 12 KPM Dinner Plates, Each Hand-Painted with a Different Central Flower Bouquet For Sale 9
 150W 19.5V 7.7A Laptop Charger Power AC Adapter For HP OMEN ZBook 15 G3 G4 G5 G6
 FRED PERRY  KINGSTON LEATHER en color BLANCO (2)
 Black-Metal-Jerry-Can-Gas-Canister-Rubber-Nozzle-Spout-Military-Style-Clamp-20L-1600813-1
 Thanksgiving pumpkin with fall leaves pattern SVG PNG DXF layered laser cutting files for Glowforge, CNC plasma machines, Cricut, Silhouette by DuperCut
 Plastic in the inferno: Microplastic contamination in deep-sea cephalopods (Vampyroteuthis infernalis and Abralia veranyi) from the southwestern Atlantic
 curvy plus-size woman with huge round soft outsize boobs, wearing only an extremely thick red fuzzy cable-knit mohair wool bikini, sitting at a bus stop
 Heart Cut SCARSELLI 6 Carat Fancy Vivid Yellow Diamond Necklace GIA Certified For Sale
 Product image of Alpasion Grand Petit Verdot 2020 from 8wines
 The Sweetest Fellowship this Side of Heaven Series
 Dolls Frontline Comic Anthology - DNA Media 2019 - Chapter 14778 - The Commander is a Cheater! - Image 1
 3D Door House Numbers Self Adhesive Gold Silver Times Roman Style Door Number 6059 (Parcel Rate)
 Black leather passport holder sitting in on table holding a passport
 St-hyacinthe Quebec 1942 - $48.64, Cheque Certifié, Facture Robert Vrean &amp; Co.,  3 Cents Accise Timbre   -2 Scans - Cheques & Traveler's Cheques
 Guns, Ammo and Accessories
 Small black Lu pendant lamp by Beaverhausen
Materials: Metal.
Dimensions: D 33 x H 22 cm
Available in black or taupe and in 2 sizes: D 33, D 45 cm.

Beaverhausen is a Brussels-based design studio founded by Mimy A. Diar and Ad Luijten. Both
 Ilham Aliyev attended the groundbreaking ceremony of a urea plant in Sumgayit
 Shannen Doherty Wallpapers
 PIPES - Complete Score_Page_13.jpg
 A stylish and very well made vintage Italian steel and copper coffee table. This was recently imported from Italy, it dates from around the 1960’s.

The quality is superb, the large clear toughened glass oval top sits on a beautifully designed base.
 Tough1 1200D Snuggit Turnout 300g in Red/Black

__________

» REQUIREMENT
Every line above that holds the string "with" counts once; give the total and nothing more.

» SOLUTION TO THIS PROBLEM
3